– Так мы можем отправляться? – спросила Глория.
– Отправляйтесь. Завтра утром придет Аурелио и проведет вас через джунгли, чтобы вы не попали в его ловушки, а потом встретит на обратном пути. Когда будете возвращаться, договоритесь с ним сами. Что касается тебя, Констанца… – Ремедиос посмотрела ей прямо в глаза – …я решила тебе поверить, но, если ты задумала нас надуть, обещаю, что мы тебя выследим и пристрелим. Ты поняла?
– Чего уж тут не понять, – ответила Констанца. – Но, поскольку я не собираюсь вас обманывать, вам не придется меня убивать.
– Ладно, – сказала Ремедиос. – Глория, ты назначаешься старшей. Возьми Федерико, он родом из того поселка и знает окрестности. Думаю, вам нужно взять еще двух человек.
Ремедиос про себя улыбнулась. Она прекрасно знала, что подруги выберут Гонзаго и Томаса, и понимала – вряд ли Констанца сбежит, когда Гонзаго ревниво стережет ее у стен усадьбы дона Хью.
– И вот еще что, Констанца…
– Да?
– Если у твоего мужа в доме есть оружие, боеприпасы или взрывчатка, мы были бы весьма за них признательны.
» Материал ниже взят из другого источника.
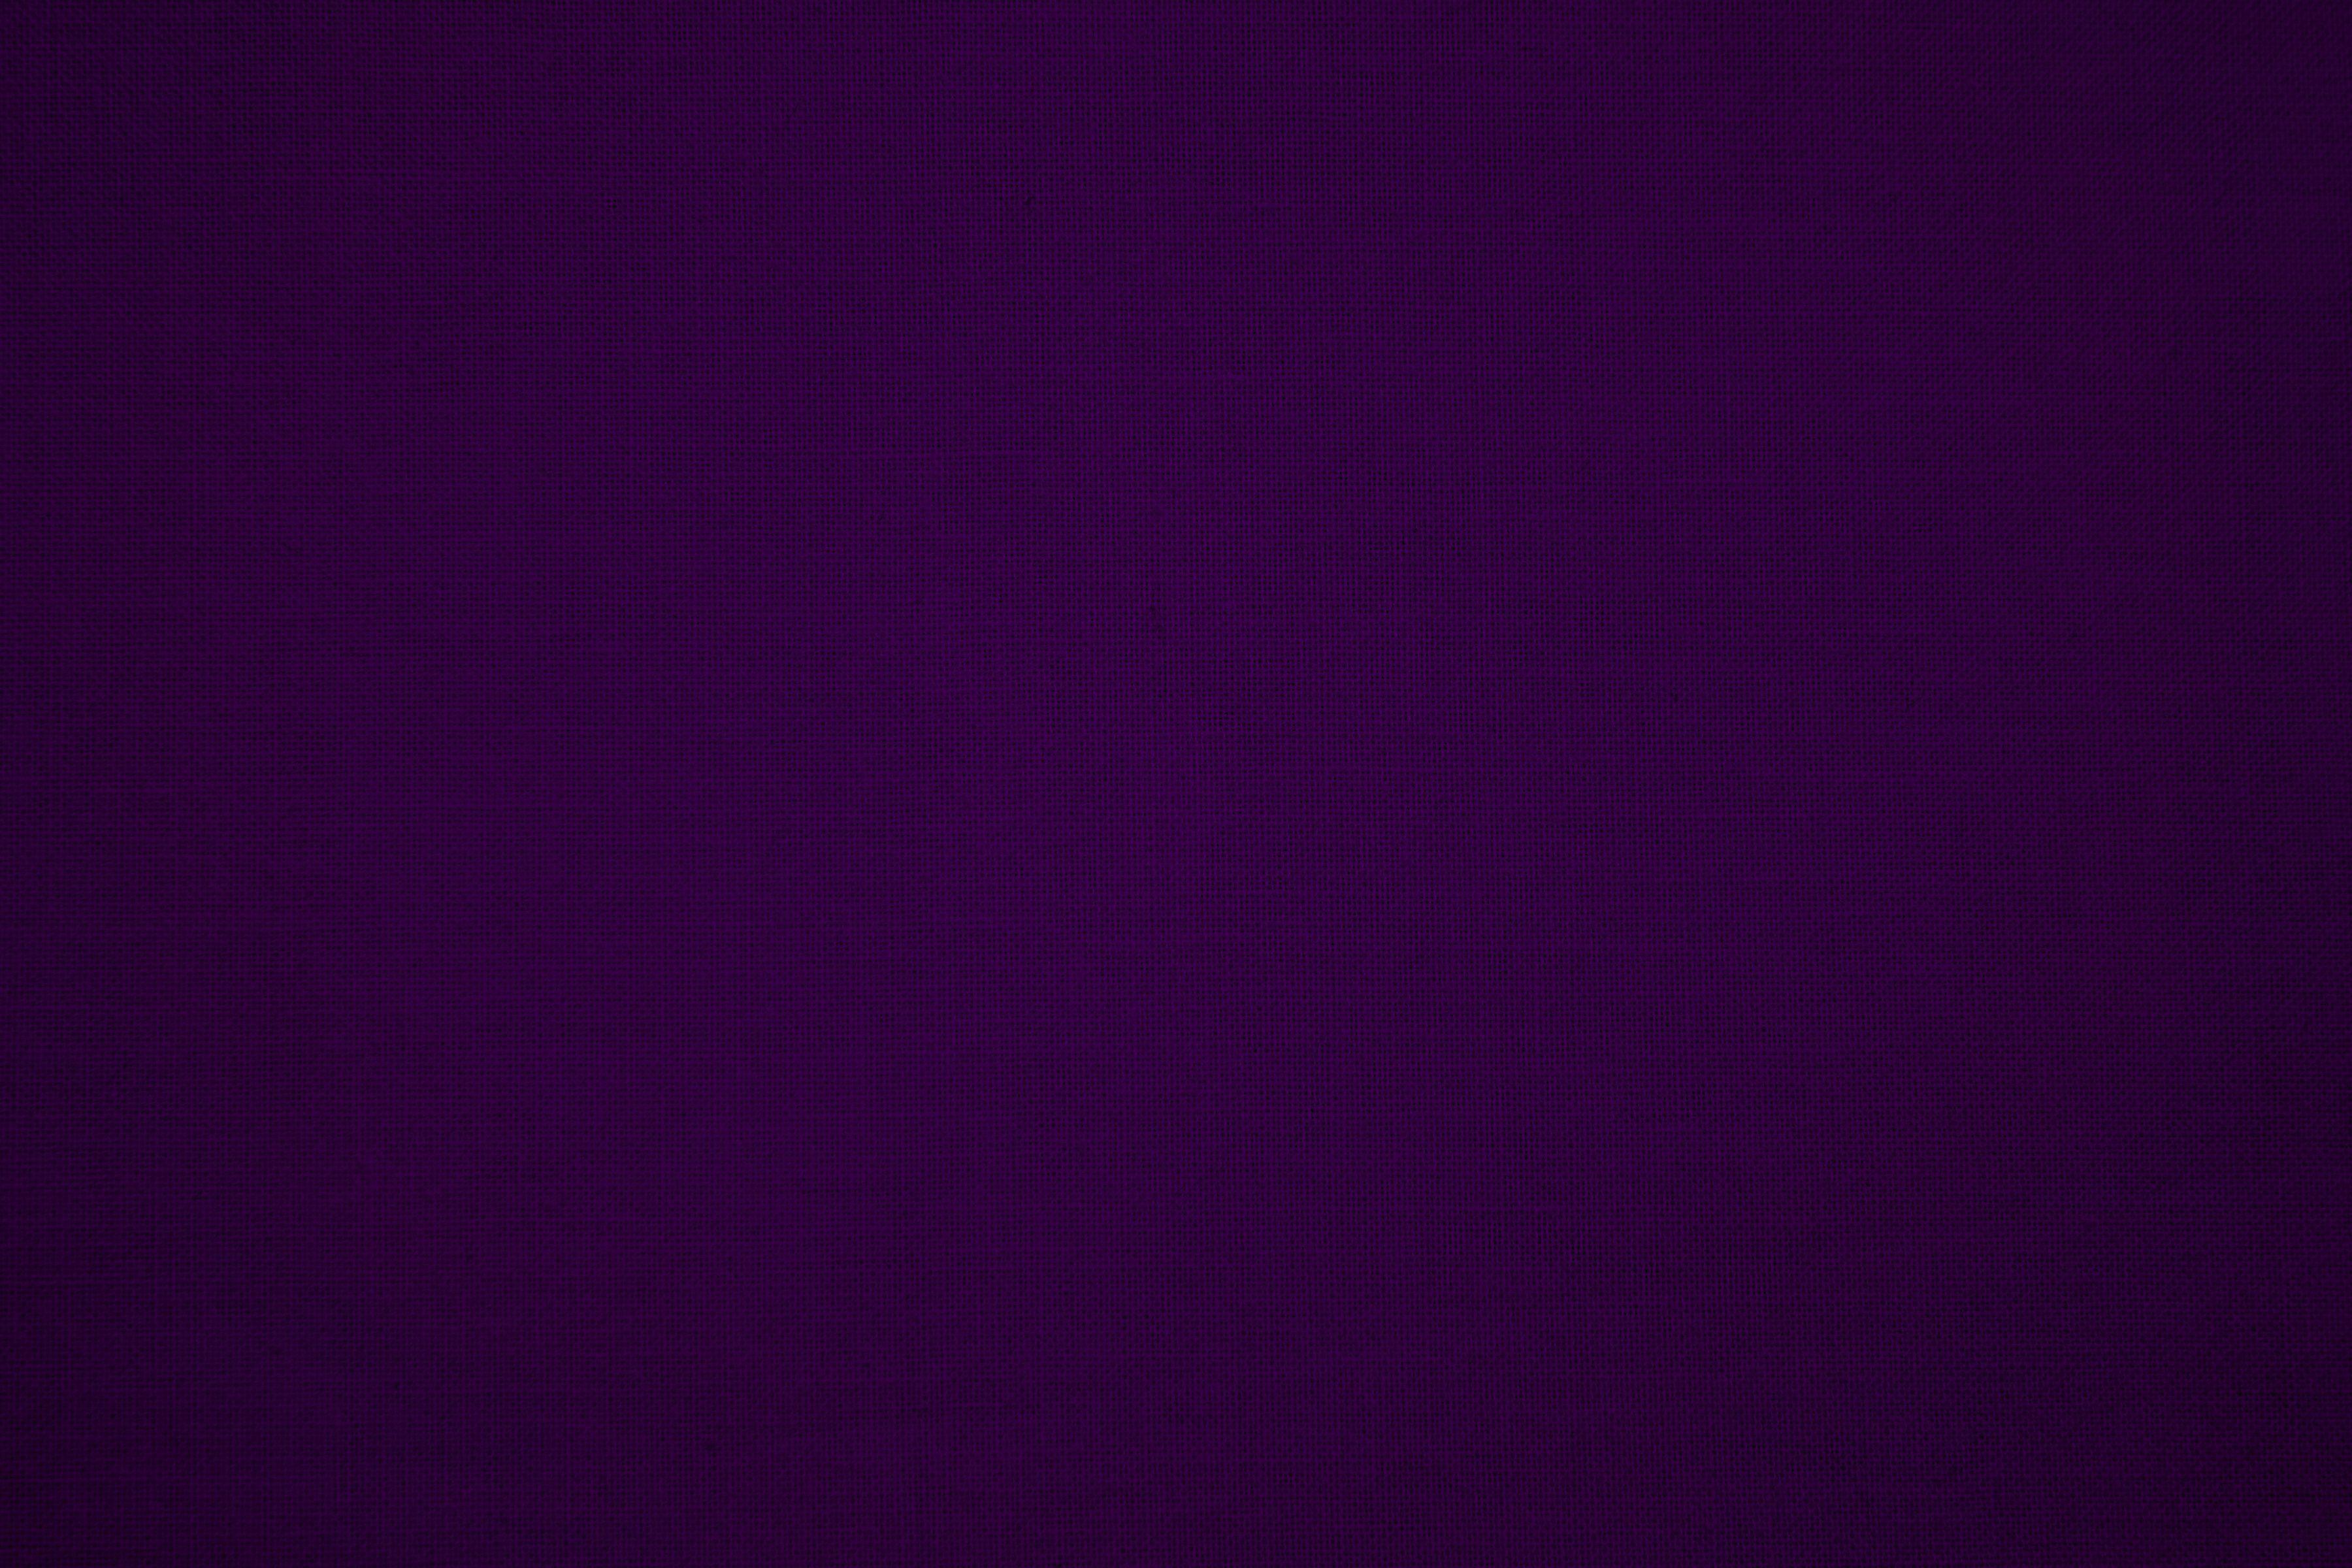 plain light purple background

На рассвете Аурелио встретил партизан и двинулся вперед, не проронив ни слова. Он безошибочно вел их через джунгли, хотя порой казалось, никакой дороги нет. Не станем описывать это путешествие; скажем только, что оно было долгим, невыносимым из-за насекомых-кровососов, партизаны взмокли, да прибавим еще, что Аурелио видел, как всю дорогу Парланчина шла на пару шагов позади Федерико. Длинные волосы стекали ей на бедра, она неумолчно болтала, а рядом трусил оцелот.
Аурелио довел партизан до края леса, где начиналась саванна, и подробно растолковал Федерико, как добраться до поселка, хотя тот уже и сам сообразил. Договорились встретиться на том же месте ровно через неделю.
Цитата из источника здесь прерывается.